Three-Dimensional Motion Analysis: Relevant Concepts in Physiotherapy Movement Dysfunction Management

Derek J Rutherford1,2* and Cheryl Hubley-Kozey1,2
1School of Physiotherapy, Dalhousie University, Halifax, Nova Scotia, Canada
2School of Biomedical Engineering, Dalhousie University, Halifax, Nova Scotia, Canada
Corresponding Author : Derek J Rutherford
School of Physiotherapy, Dalhousie University
5869 University Avenue, Halifax, Nova Scotia, B3H 3J5, Canada
Tel: 1 (902) 494 4248
Fax: 1 (902) 494 1941
E-mail: [email protected]
Received February 24, 2014; Accepted May 23, 2014; Published May 25, 2014
Citation: Rutherford DJ, Kozey CH (2014) Three-Dimensional Motion Analysis: Relevant Concepts in Physiotherapy Movement Dysfunction Management. J Nov Physiother 4:214. doi: 10.4172/2165-7025.1000214
Copyright: © 2014 Rutherford JD, et al.
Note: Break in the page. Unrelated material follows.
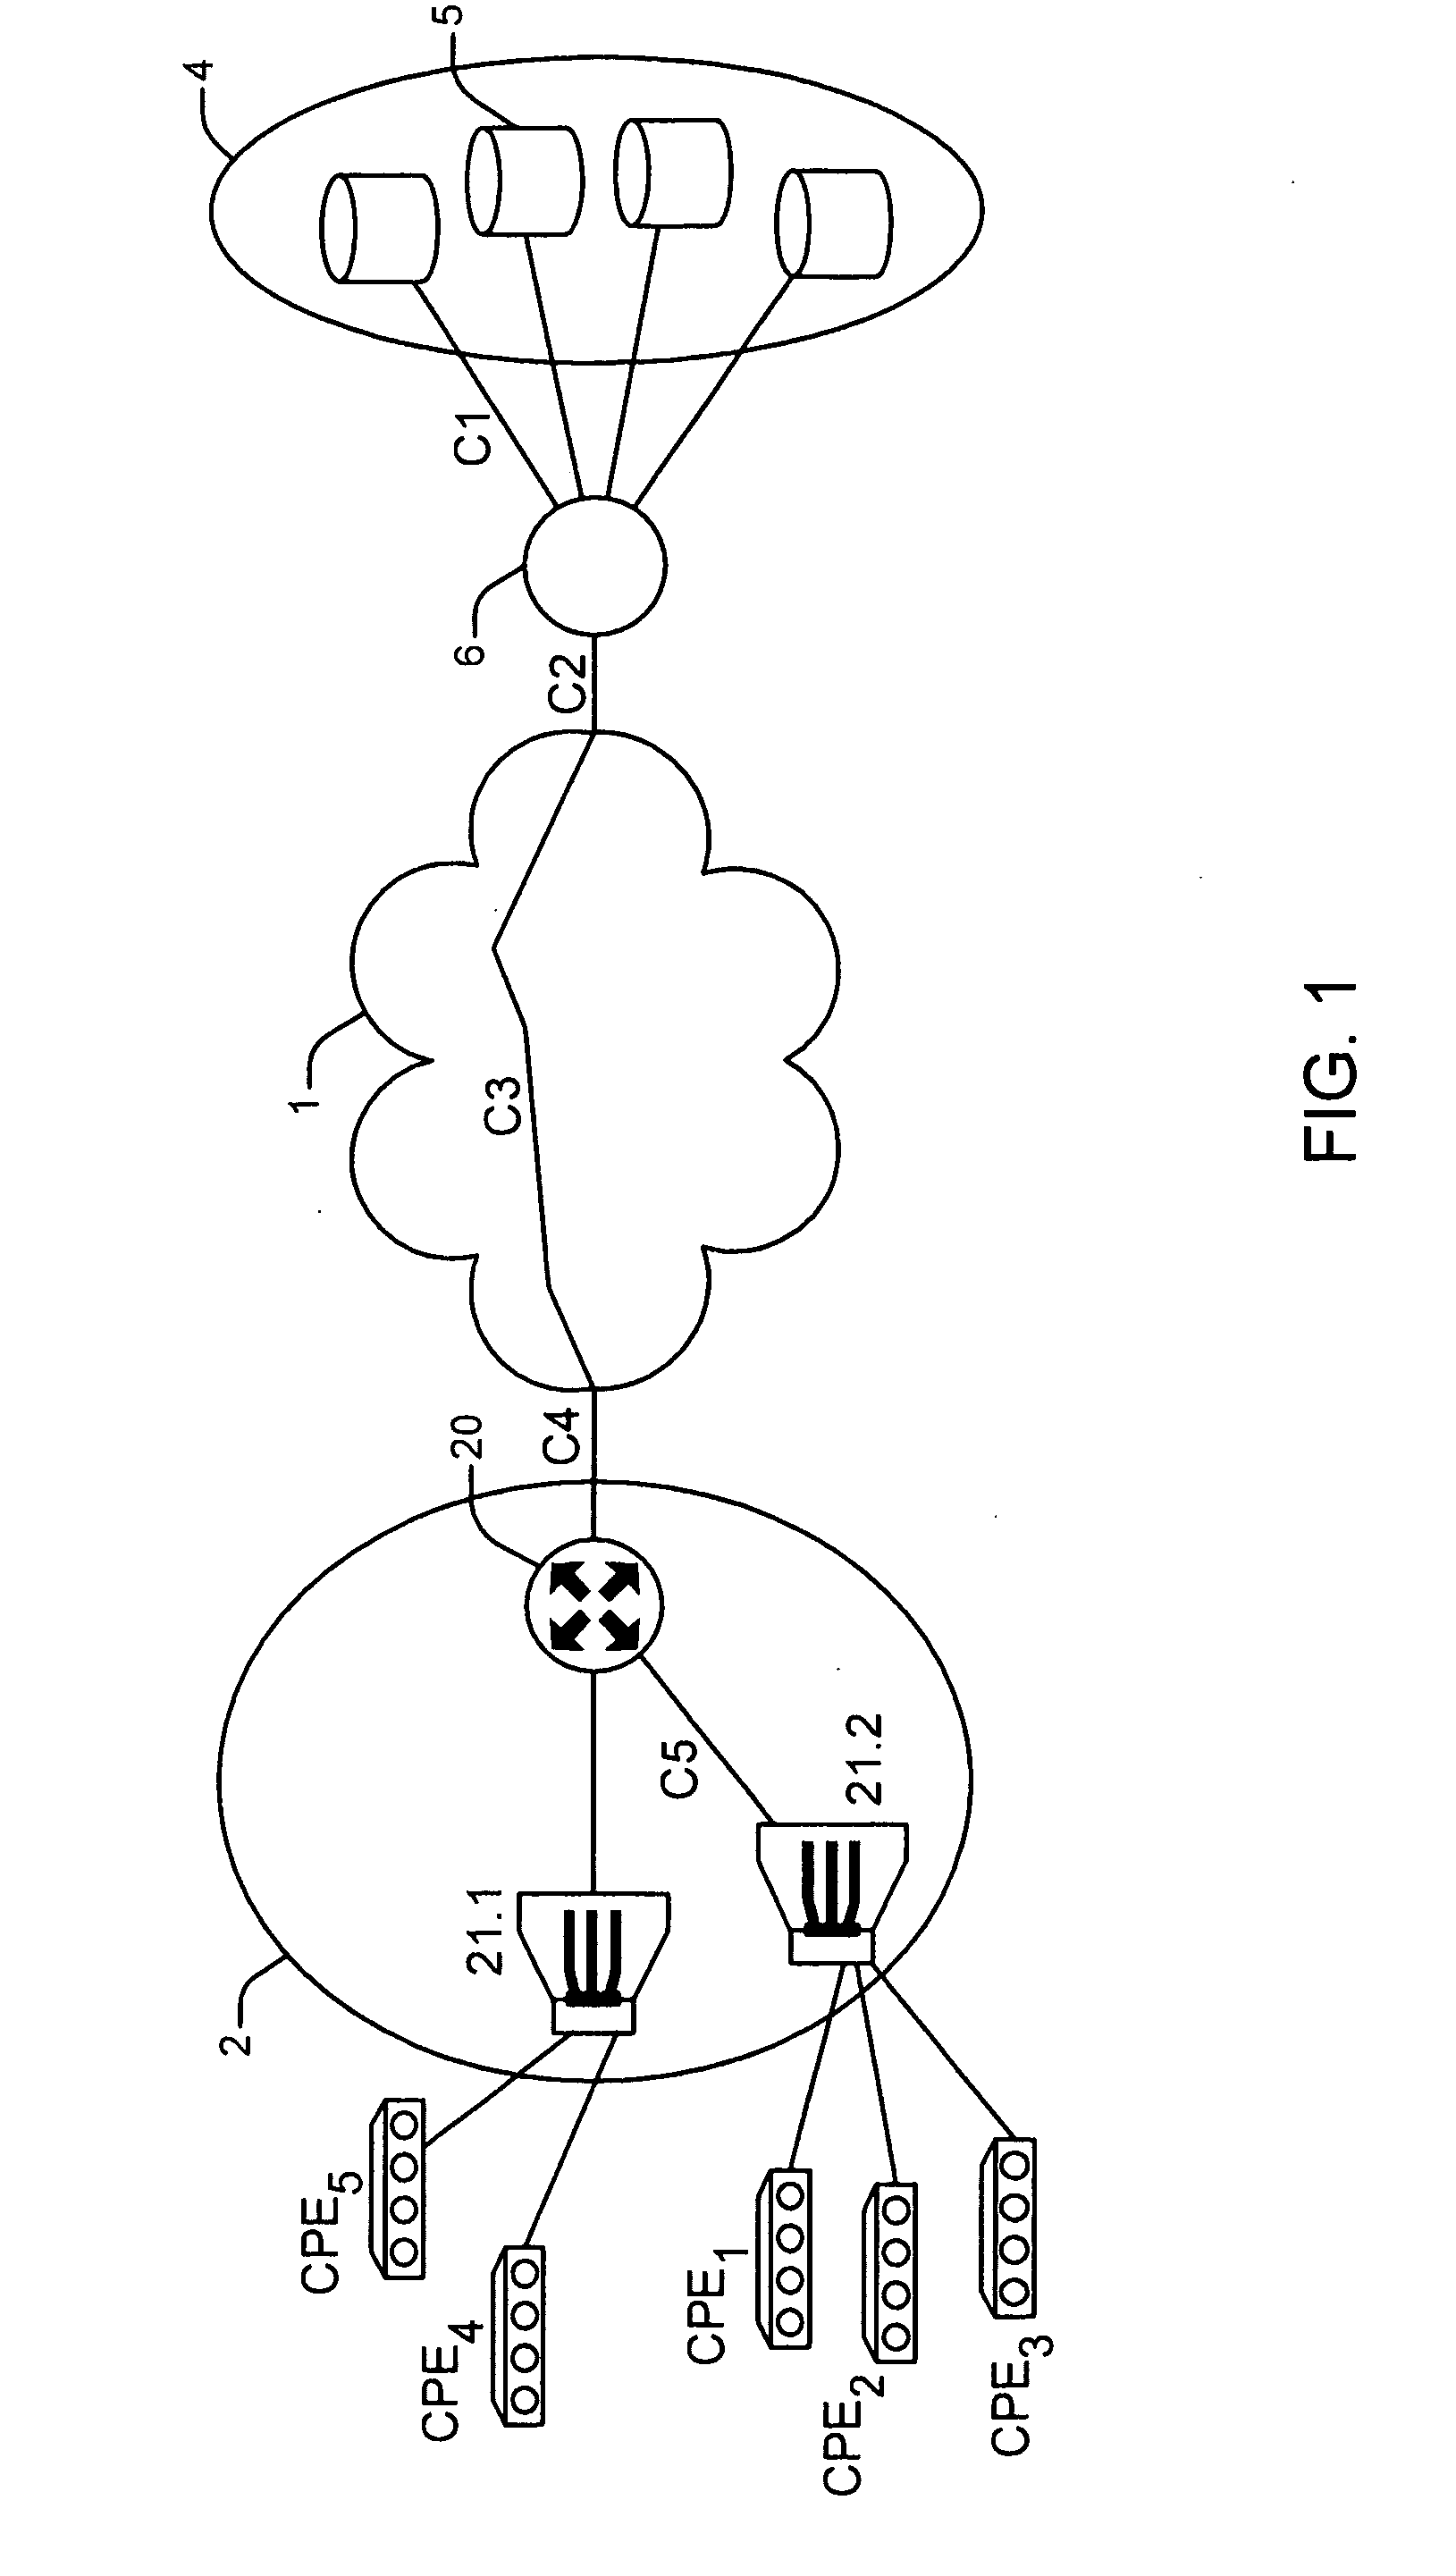 Method of managing requests for remote access to multimedia contents

This is an open-access article distributed under the terms of the Creative Commons Attribution License, which permits unrestricted use, distribution, and reproduction in any medium, provided the original author and source are credited.

Abstract

The explorations of typical and dysfunctional movements are recognized physiotherapy assessment and management strategies. With the development of state-of-the-art three-dimensional (3-D) motion capture systems, traditional two-dimensional and observational movement quantification are being used less frequently in research initiatives. This technology is slowly infiltrating physiotherapy practice as systems become more accessible. Knowledge of 3-D acquisition methodology will provide insight into advancing movement dysfunction theories in physiotherapy. The objective of this commentary is to introduce the clinician to 3-D motion capture while providing a basic theoretical framework for understanding this methodology. The current use of 3-D systems and the limitations of this study methodology are reviewed. Familiarization with the use of this technology and understanding the methods in capturing 3-D motion will provide the physiotherapist with the latest knowledge in movement dysfunction. These concepts are an exceptional addition to the clinical reasoning strategies currently employed in the profession of physiotherapy.